Hello,
I have some troubles calculating the number of reads that I should expect for a target sequence (for instance a trasposon) integrated into the human genome. That is: how many reads should I expect to map to my target sequence and confirm the presence of the target?
Assuming: 1) a pre-calculated coverage of 20, 2) a target region of 1000 bp and 3) a fixed length read of 150 bp and using the formula C=NL/G i get:
N=CG/L=20 x 1000 / 150 = 133 reads
this looks a bit too many reads. Or should I calculate using the whole human sequence, since the target is integrated into it? in that case, I get:
N=20 x 3 000 000 000 / 150 = 400 000 000 reads
that is clearly wrong.
My question is, therefore: how do I calculate the coverage in general and for integrated sequences in particular? Thank you
But from where do you get this pre-calculated coverage of 20?

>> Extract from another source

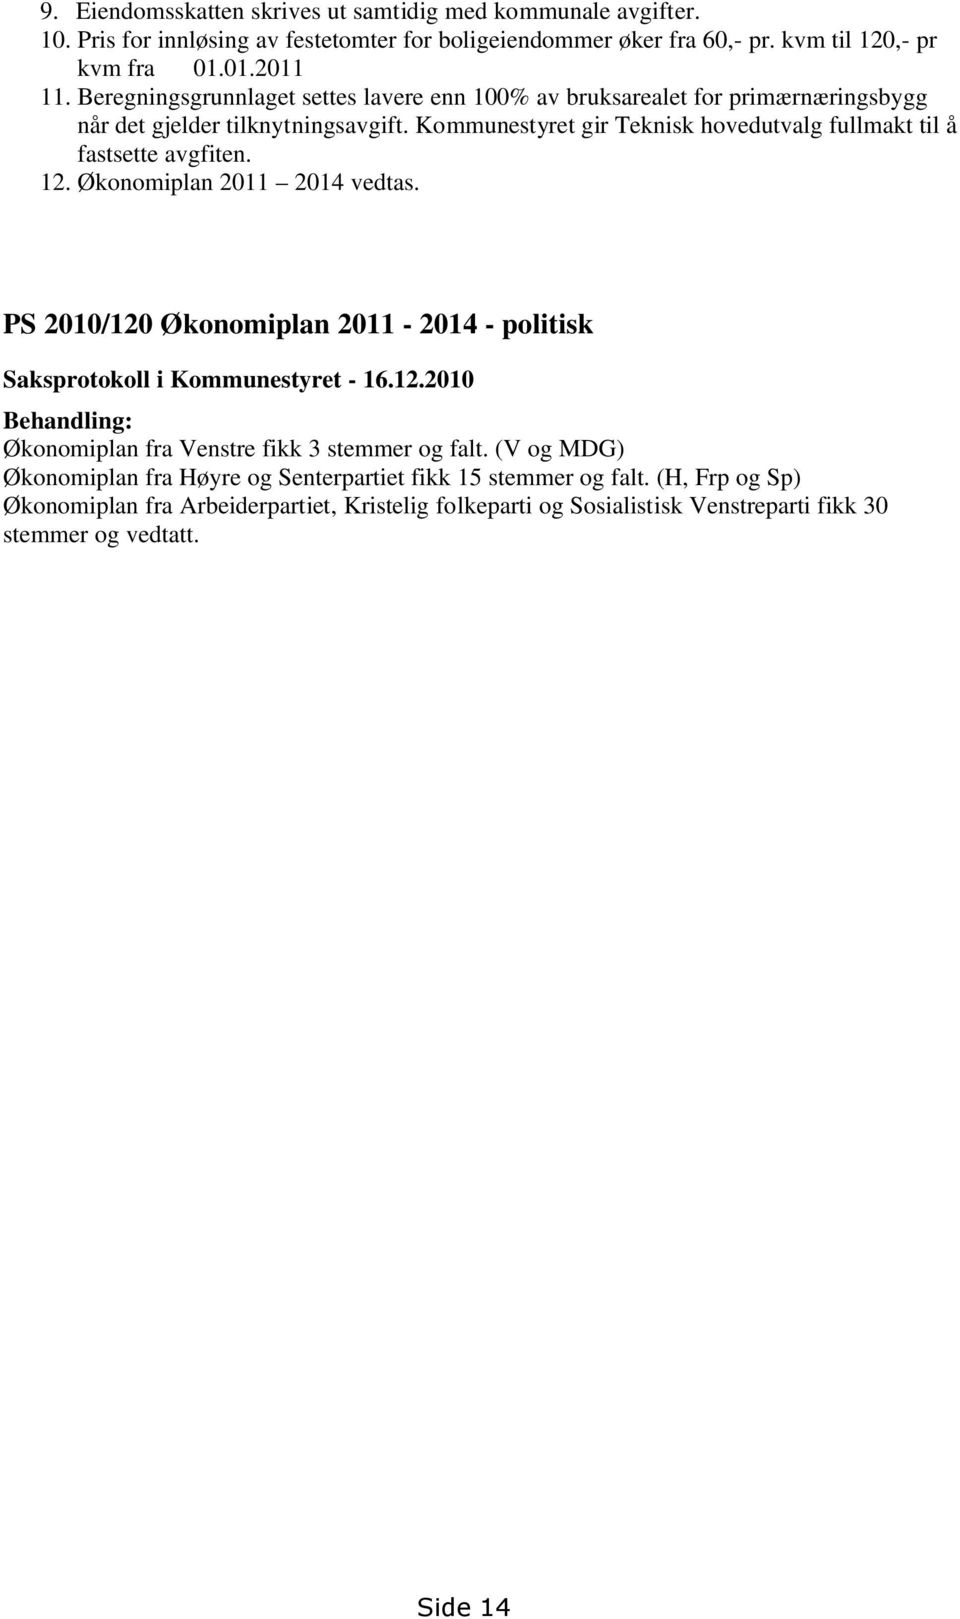 12. Økonomiplan 2011 2014 vedtas. PS 2010/120 Økonomiplan 2011-2014 - politisk Saksprotokoll i Kommunestyret - 16.12.2010 Behandling: Økonomiplan fra Venstre fikk 3 stemmer og falt.

Probably shooting for a 20x coverage.
the data was given with this coverage but based on the human genome. I would like to estimate how many reads should I expect for the trasposon
Is the sequence for that transposon so specific that you don't expect to get any alignments outside that 1kb?
well, the sequence is not human as such, but otherwise there is nothing special about the target; the reads should align more or less at the same average for both human and transposon. So shall I expect 20x coverage also for the transposon?
If you are sure the transposon is only in that one location (seems a bit implausible) then that may be a reasonable assumption. As long as there is no strange bias in transposon sequence compared to human genome.
OK, otherwise is the formula correct? should I expect 133 reads covering the trasposon?